Ürolojik kanserler nelerdir?
Böbrekler, böbrek üstü bezleri, böbreklerin ürettiği idrarın aktığı kanallar, idrar torbası, erkeklerde kadınlardan farklı olarak prostat bezi ve testisleri içeren organların kanserlerine “ürolojik kanserler” denir. Bu kanserlerle ilgilenen bölüme “Üroonkoloji” diyoruz.
Böbrek kanserlerinin görülme sıklığı nedir?
Böbrek kanseri, ürolojik kanserler içerisinde prostat ve idrar torbası kanserinden sonra üçüncü sırada görülüyor. Testis kanserlerinden çok daha sık görülen bir tümördür. Neredeyse 10 bin kişiden birinde böbrek kanseri görülür. Maalesef yılda 30 bin kişiden biri de böbrek kanseri nedeniyle hayatını kaybediyor.
Böbrek kanserinin belirtileri neler?
Böbrek kanseri çok önemli ancak tedavi edilebilir bir sağlık sorunudur.
Günümüzde böbrek kanserleri henüz belirti vermeden başka nedenlerle yapılan görüntüleme tetkikleri sırasında fark edilir. Genellikle belirtisi yoktur. Nadiren ağrı, idrarda kanama olabilir.
Böbrek kanserlerinde ağrı ile alarm verme noktası, kanserin çok yol kat etmiş olduğu bir aşamadır. O nedenle böbrek kanserinin olabildiğince erken aşamada yakalanması hem hastanın kanserden hayatını kaybetmesini hem de böbreğin kaybedilmeyip korunarak sadece kanserin alınmasına olanak sağlanan bir durumdur.
İdrarda kan görülmesi böbrek kanseri için işaretçi olabilir.
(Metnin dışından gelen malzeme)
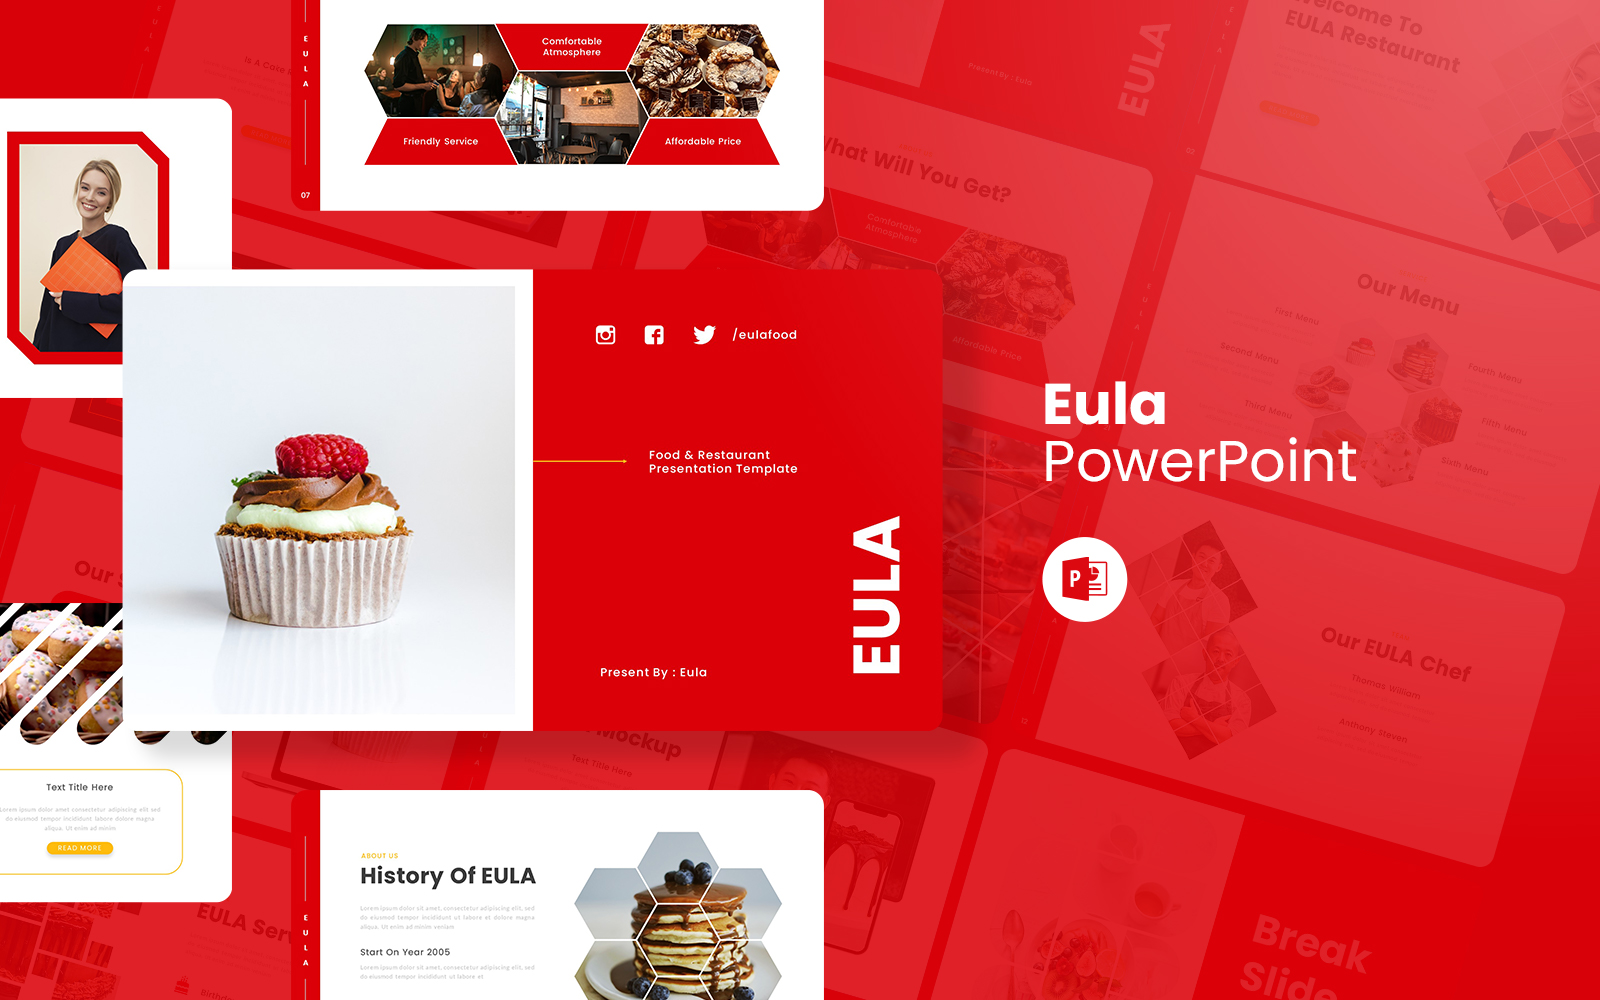 Eula – Food and Restaurant PowerPoint Template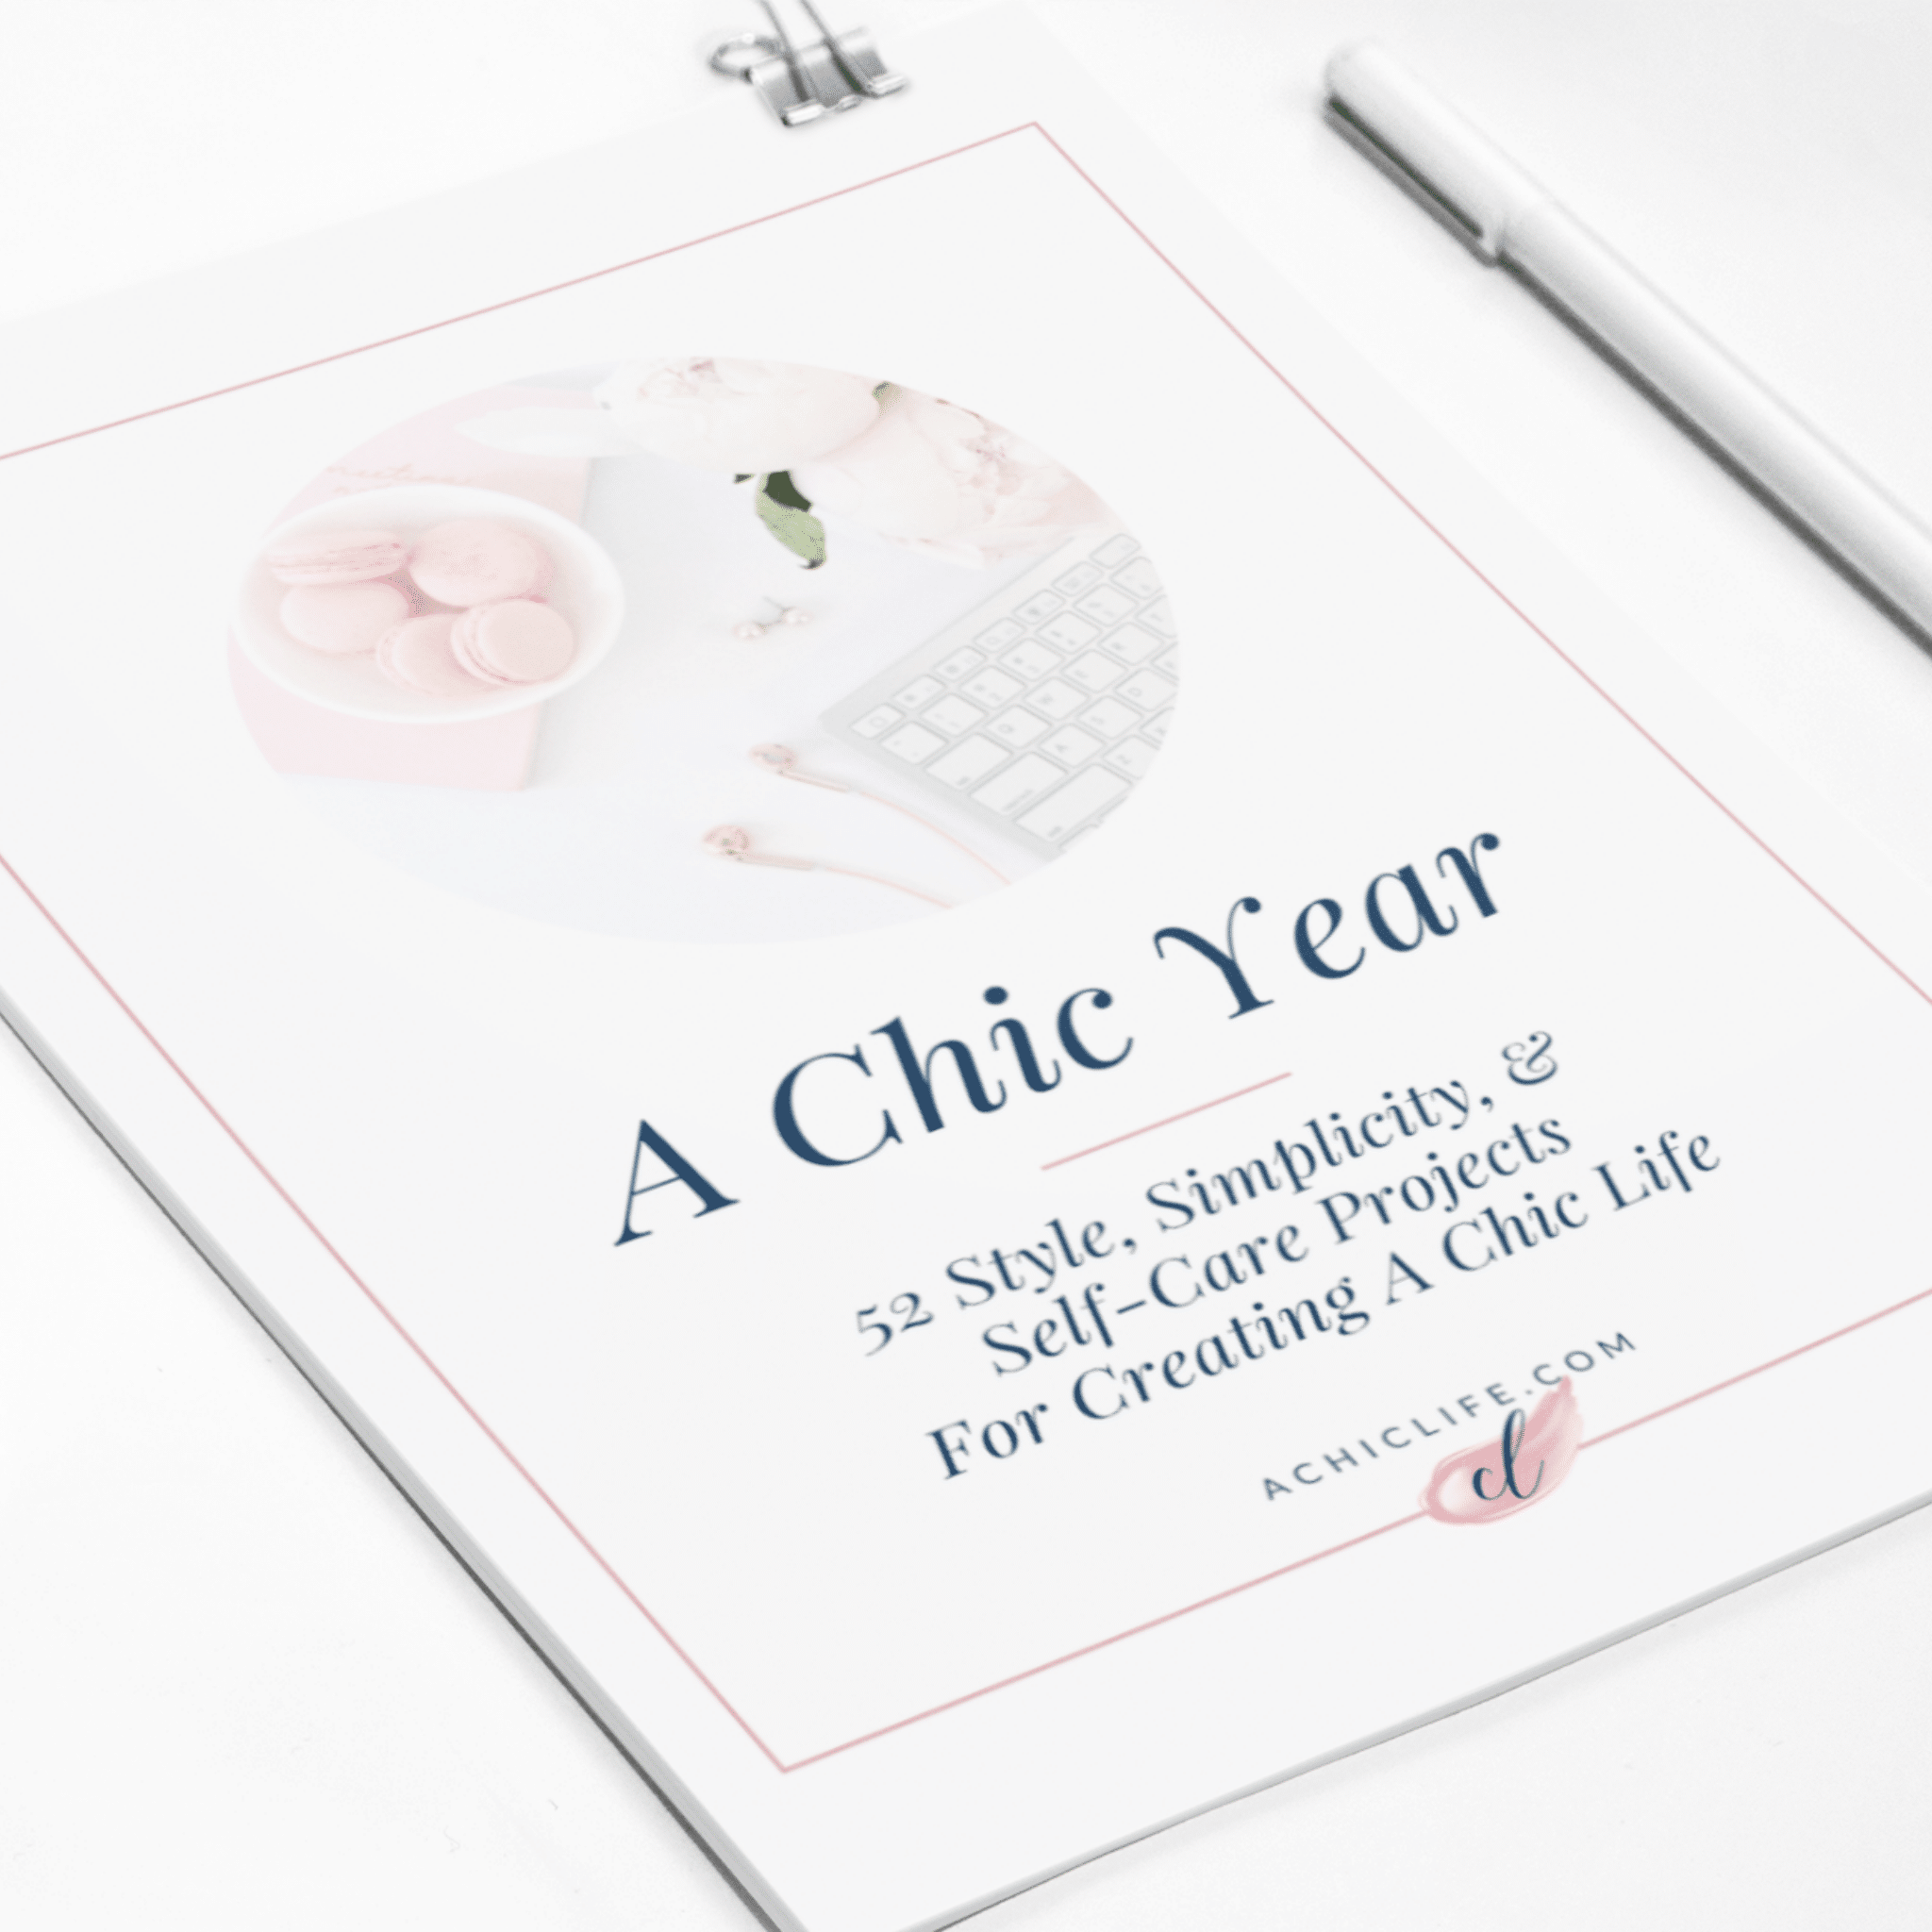 A Chic Year: 52 Style, Simplicity, & Self-Care Projects For Creating A Chic Life

Bunun yanı sıra karında kitle ya da bir sertliğin ele gelmesi de diğer belirtiler arasında yer alır.
Biz başka sebeplerle (karın ağrısı, safra kesesi, sindirim şikayeti gibi sıkıntılar) doktora giden hastalarımızdan istenen ultrason, tomografi ya da MR görüntülemelerinde tesadüfen yakalıyoruz böbrek kanserini. Tümör küçük aşamada olduğunda ise böbrek kanseri tam olarak tedavi edilebiliyor. Bu nedenle böbrek kanserinin belirti vermesini beklemeden düzenli check-up programlarına başvurmak, hastalığın tedavi edilebilecek aşamada yakalanmasına olanak sağlayan bir durum.
Böbrek kanserinin nedenleri nedir?
Böbrek kanserinin nedenleri tam olarak bilinmiyor. Ancak bazı risk faktörleri var. Böbrek kanseri genellikle orta-ileri yaşlarda daha çok karşımıza çıkıyor. Erkeklerde kadınlara göre 2 kat daha fazla görülüyor. Sigara, hipertansiyon, böbrek kanserinin gelişimi ile ilgili olabilir.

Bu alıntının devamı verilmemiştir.